National Association of Realtors Q4 2011 Median Sales Summary
On February 9, 2012, the National Association of Realtors (NAR) released their median sales price indices of homes for metropolitan areas. The NAR saw declines from Q3 2011 to Q4 2011 in 131 of 149 major metropolitan areas measured.
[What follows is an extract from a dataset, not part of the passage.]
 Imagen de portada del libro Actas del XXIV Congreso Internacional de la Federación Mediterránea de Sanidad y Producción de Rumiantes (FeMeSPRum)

Below are some statistics from the data:
- Average Change Q3 2011 to Q4 2011: -4.6%.
- Average Change Q4 2010 to Q4 2011: -4.3%
- Winners Q3 2011 to Q4 2011: Yakima, WA (+18.4%), Cape Coral-Fort Myers, FL (+8.5%)
- Losers Q3 2011 to Q4 2011: According to the NAR, 18 major metros dropped more than 10%. The top five were Detroit-Warren-Livonia, MI (-23.6%), Bridgeport-Stamford-Norwalk, CT (-20.6%), Trenton-Ewing, NJ (-16.7%), Newark-Union, NJ-PA (-16.1%) and South Bend-Mishawaka, IN (-15.5%)
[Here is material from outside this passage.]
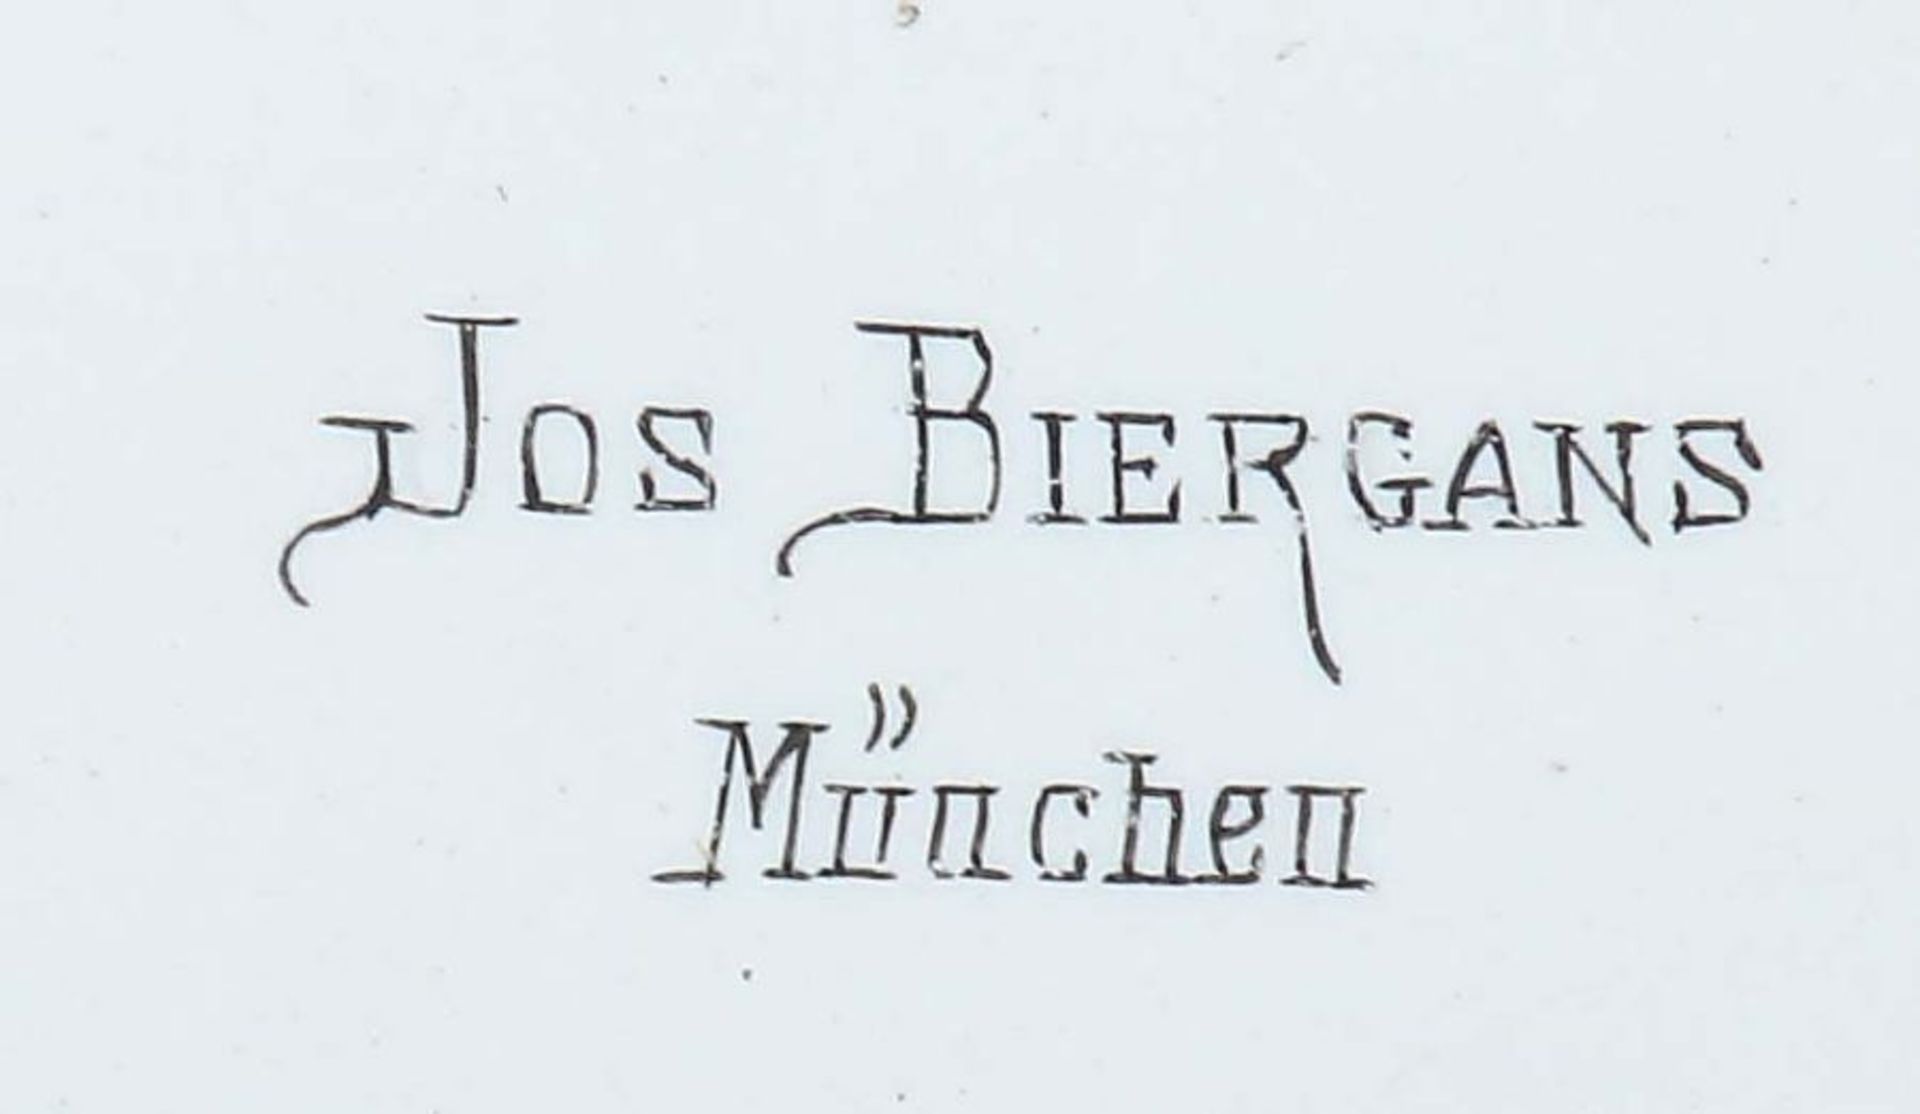 Kaminuhr Ende 19. Jh., bez." J. Biergans, München", gestufter Gehäuseaufbau aus schwarzem Marmor, - Bild 2 aus 4

- Winners Q4 2010 to Q4 2011: Cape Coral-Fort Myers, FL (+25.6%), Abilene, TX (+16.0%), Yakima, WA (+11.4%), Kankakee-Bradley, IL (+10.0%) and Grand Rapids, MI (+9.8%)
- Losers Q4 2010 to Q4 2011: According to the NAR, 29 major metros dropped more than 10% on the year. The top five were Boise City-Nampa, ID (-20.2%), Binghamton, NY (-19.4%), Allentown-Bethlehem-Easton, PA-NJ (-17.8%), Atlanta-Sandy Springs-Marietta, GA (-17.0%) and Springfield, MO (-15.6%)
To avoid setting myself up for failure I’m going to shy away from making a comment like “Keep your head up, because it can’t possibly get any worse.” What I will say is that the unemployment rate is making some sharp moves in the right direction and consumer confidence appears to be improving, at least in the short term. It would make sense that there would be a lag between these improving trends and consumers decisions to buy a house.
Don’t set yourself up for failure either. Continue to monitor the trends in markets where you have heavy real estate concentrations and consider the need to make changes to your lending policies based on what’s happening in your market.